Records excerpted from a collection
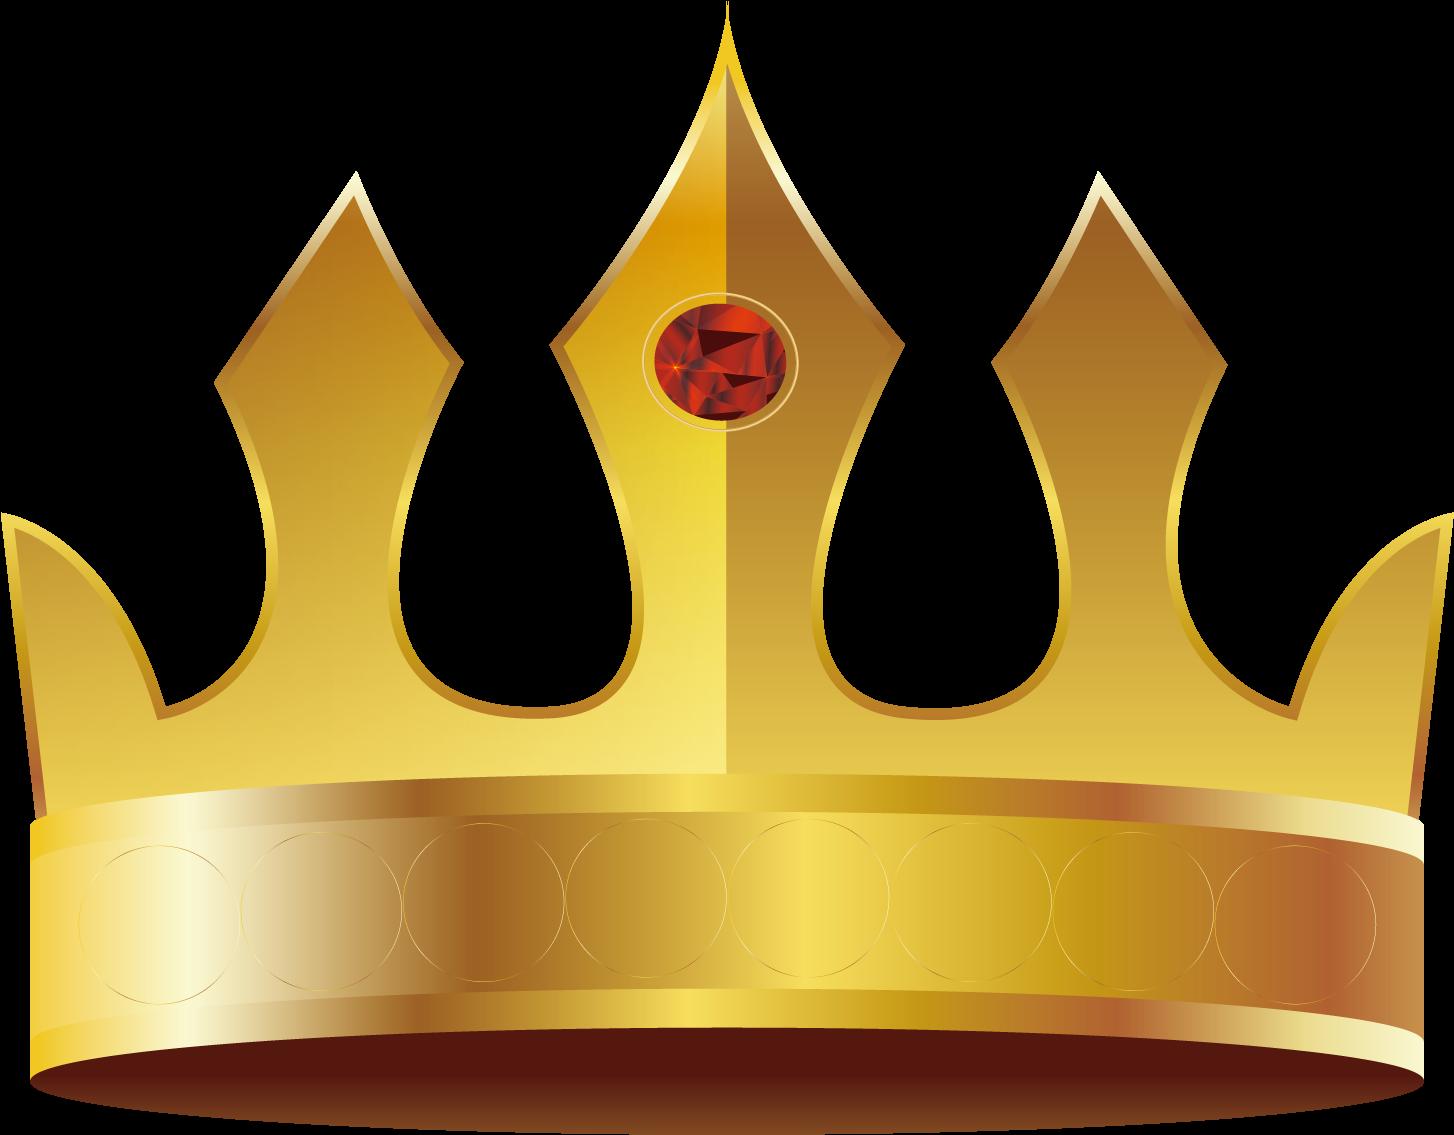 больше вектор картинки корона немецких нацистских
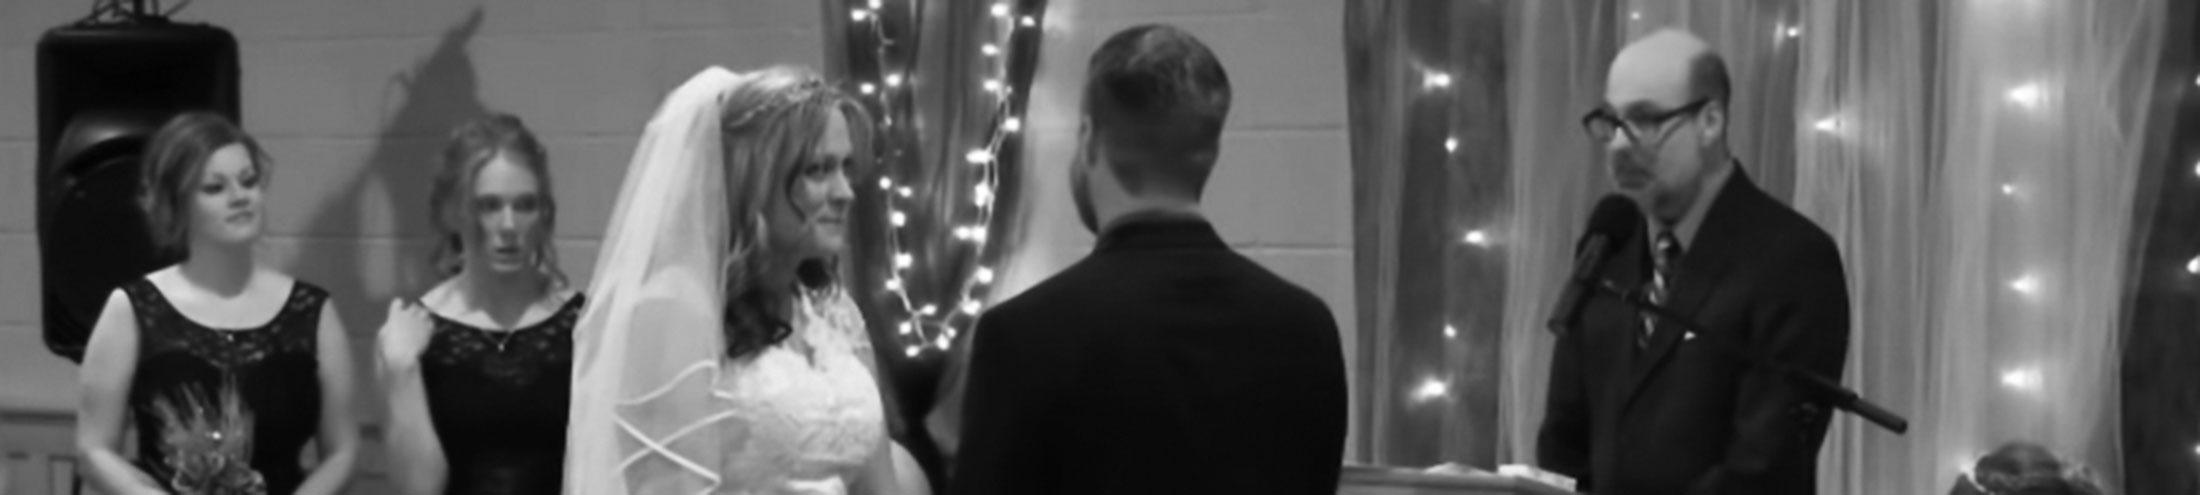 Minnesota Wedding Vows Minister
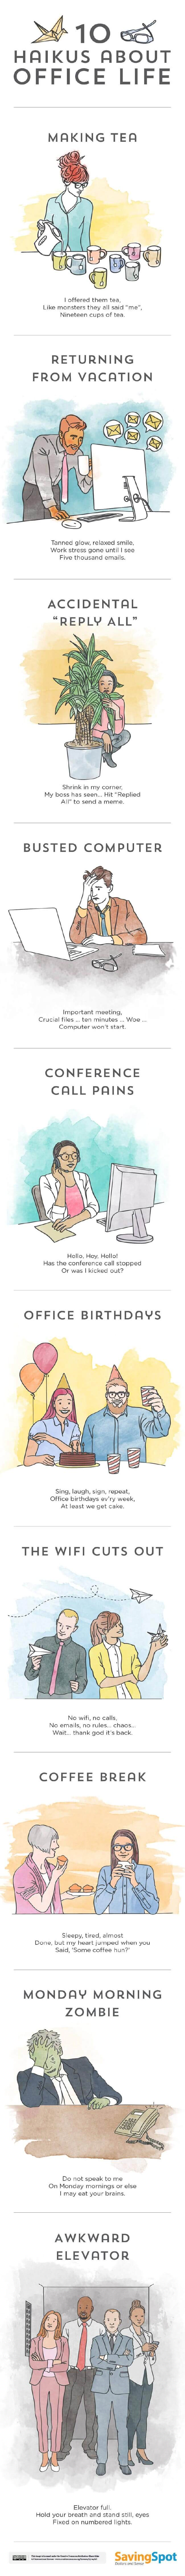 Image titled 10 haikus about office life
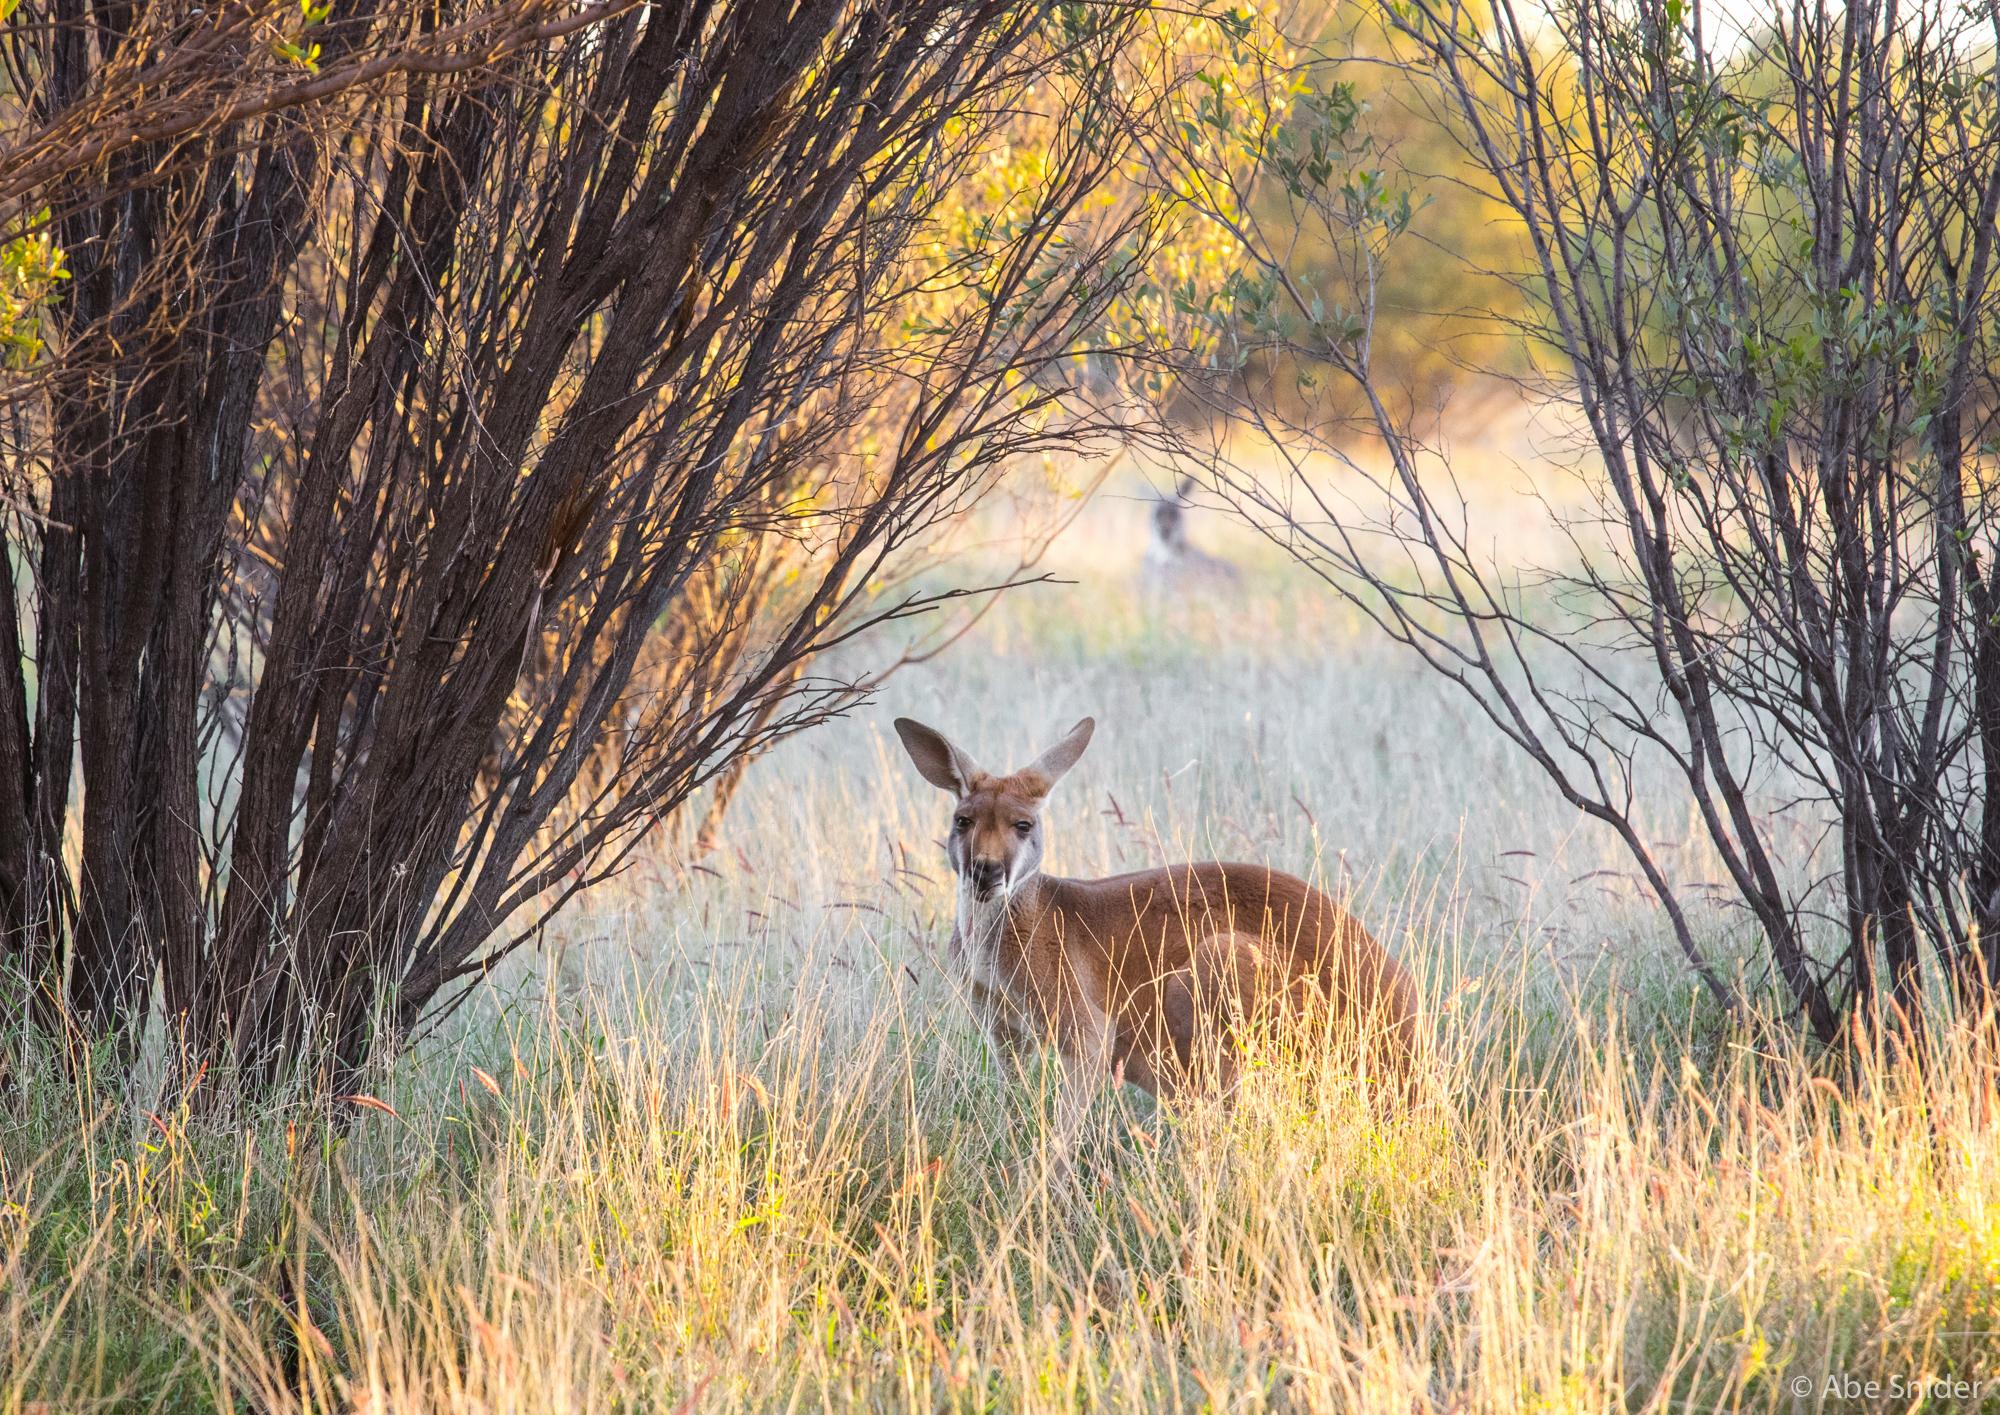 Red Kangaroo - Australia
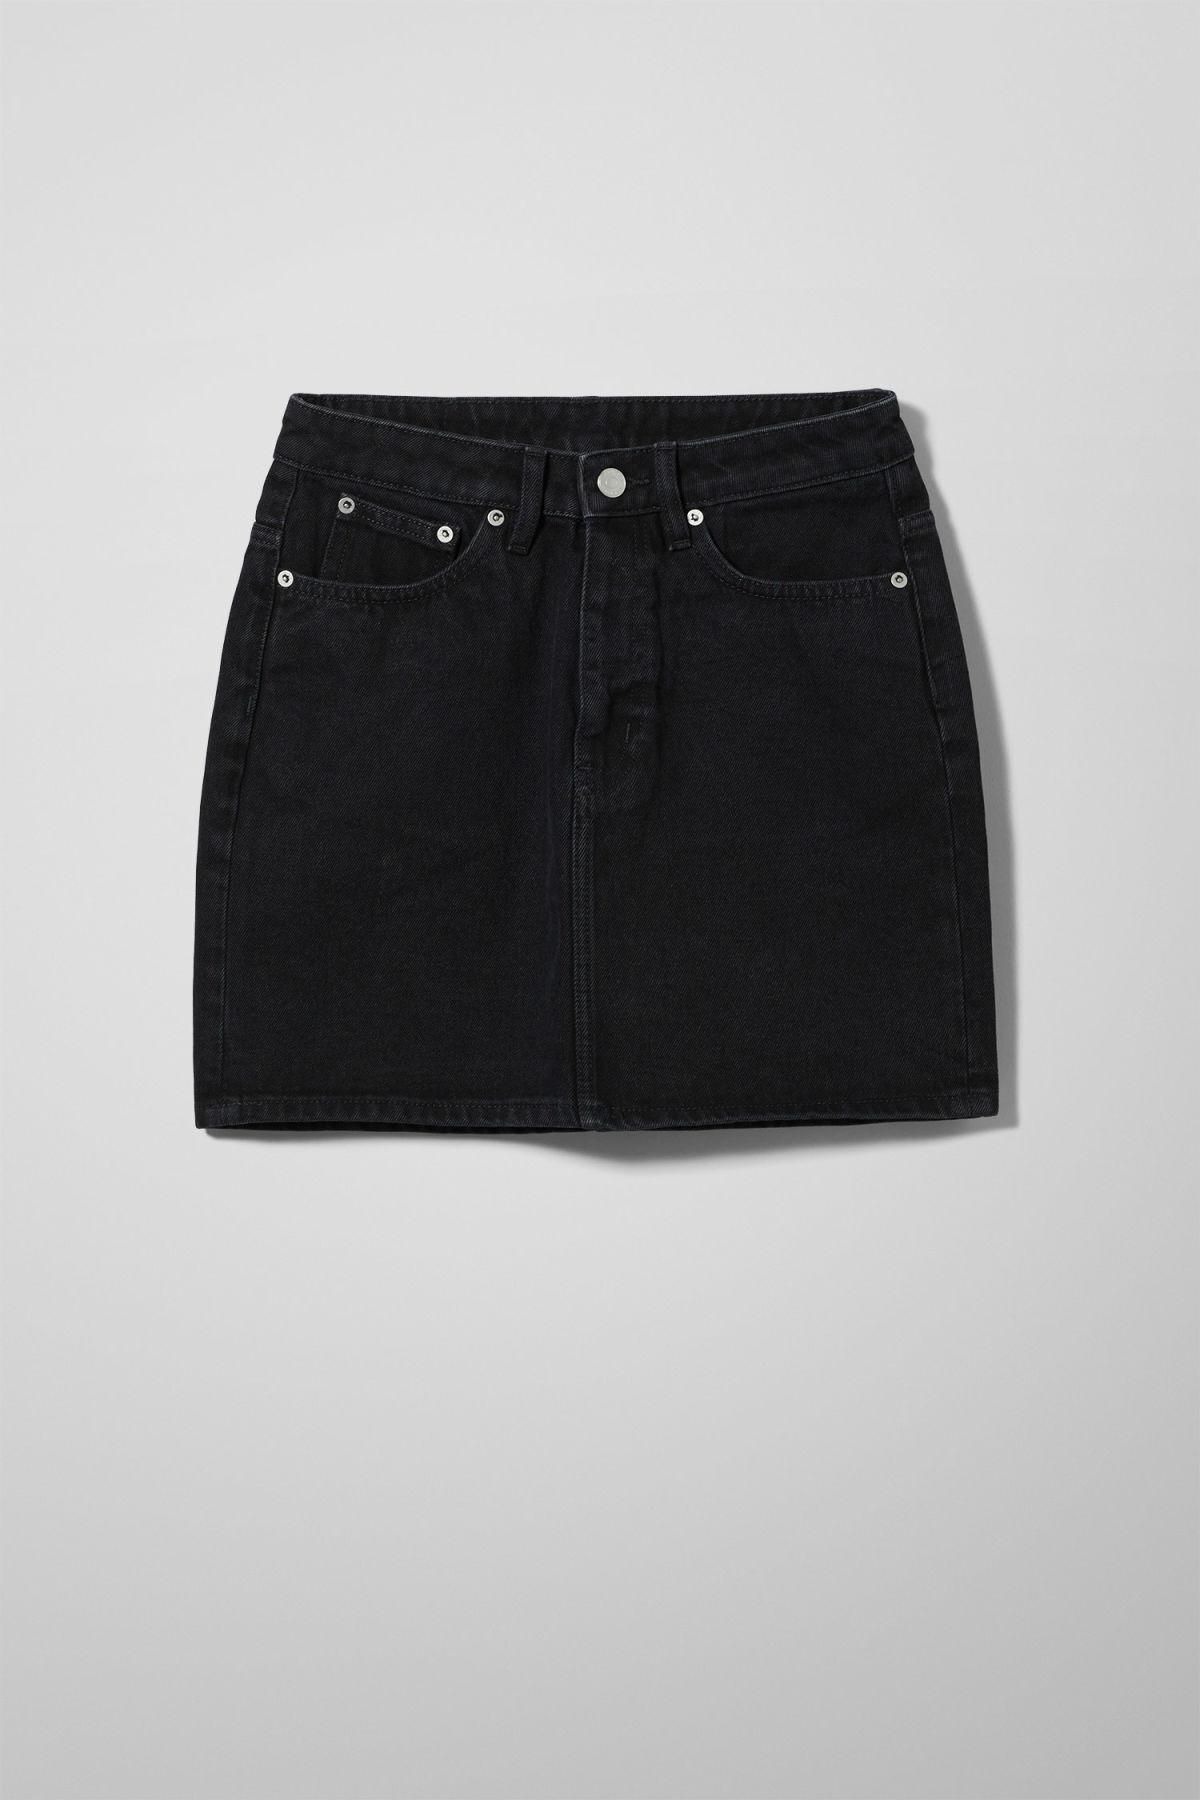 Wend Black Denim Skirt - Black

- YOUR INSTRUCTIONS: The expected output is every line of the data, unchanged, with the pictures skipped.

- SOLVED PROBLEM:
 больше вектор картинки корона немецких нацистских
 Minnesota Wedding Vows Minister
 Image titled 10 haikus about office life
 Red Kangaroo - Australia
 Wend Black Denim Skirt - Black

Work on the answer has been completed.